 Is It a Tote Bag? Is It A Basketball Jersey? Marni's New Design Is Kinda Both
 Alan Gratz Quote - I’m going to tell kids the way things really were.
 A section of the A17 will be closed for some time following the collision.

◇ ◇ ◇ ◇ ◇ ◇ ◇

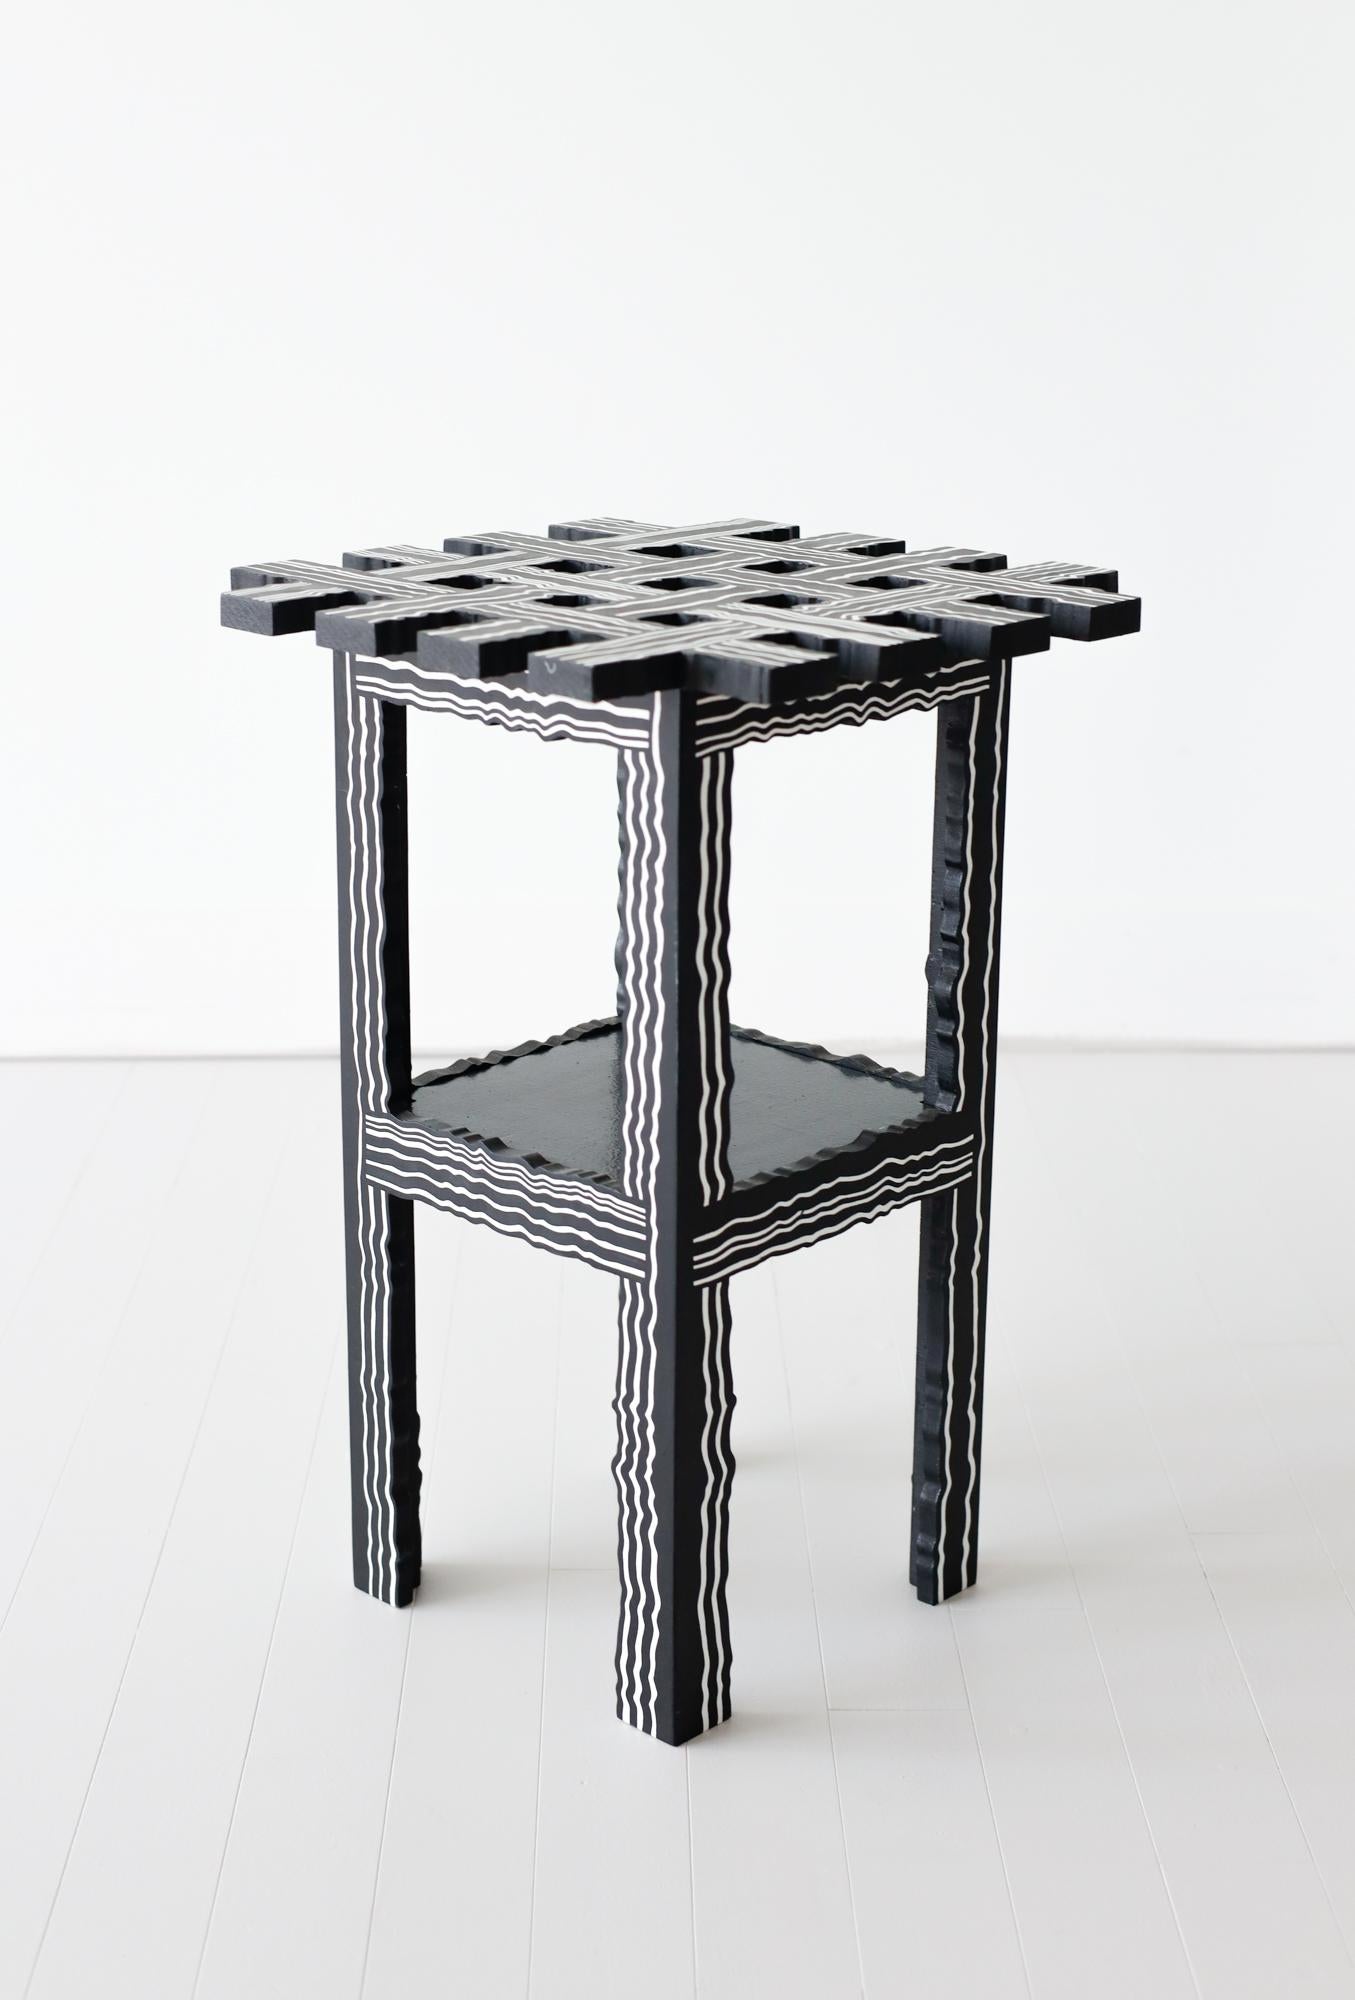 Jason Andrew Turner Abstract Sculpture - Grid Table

◇ ◇ ◇ ◇ ◇ ◇ ◇

EXERCISE INSTRUCTIONS: What is needed is an exact copy of the lines above, from the one containing "Alan Gratz Quote" through the one containing "A section of", with nothing added.

REPLY TO THE TASK:
 Alan Gratz Quote - I’m going to tell kids the way things really were.
 A section of the A17 will be closed for some time following the collision.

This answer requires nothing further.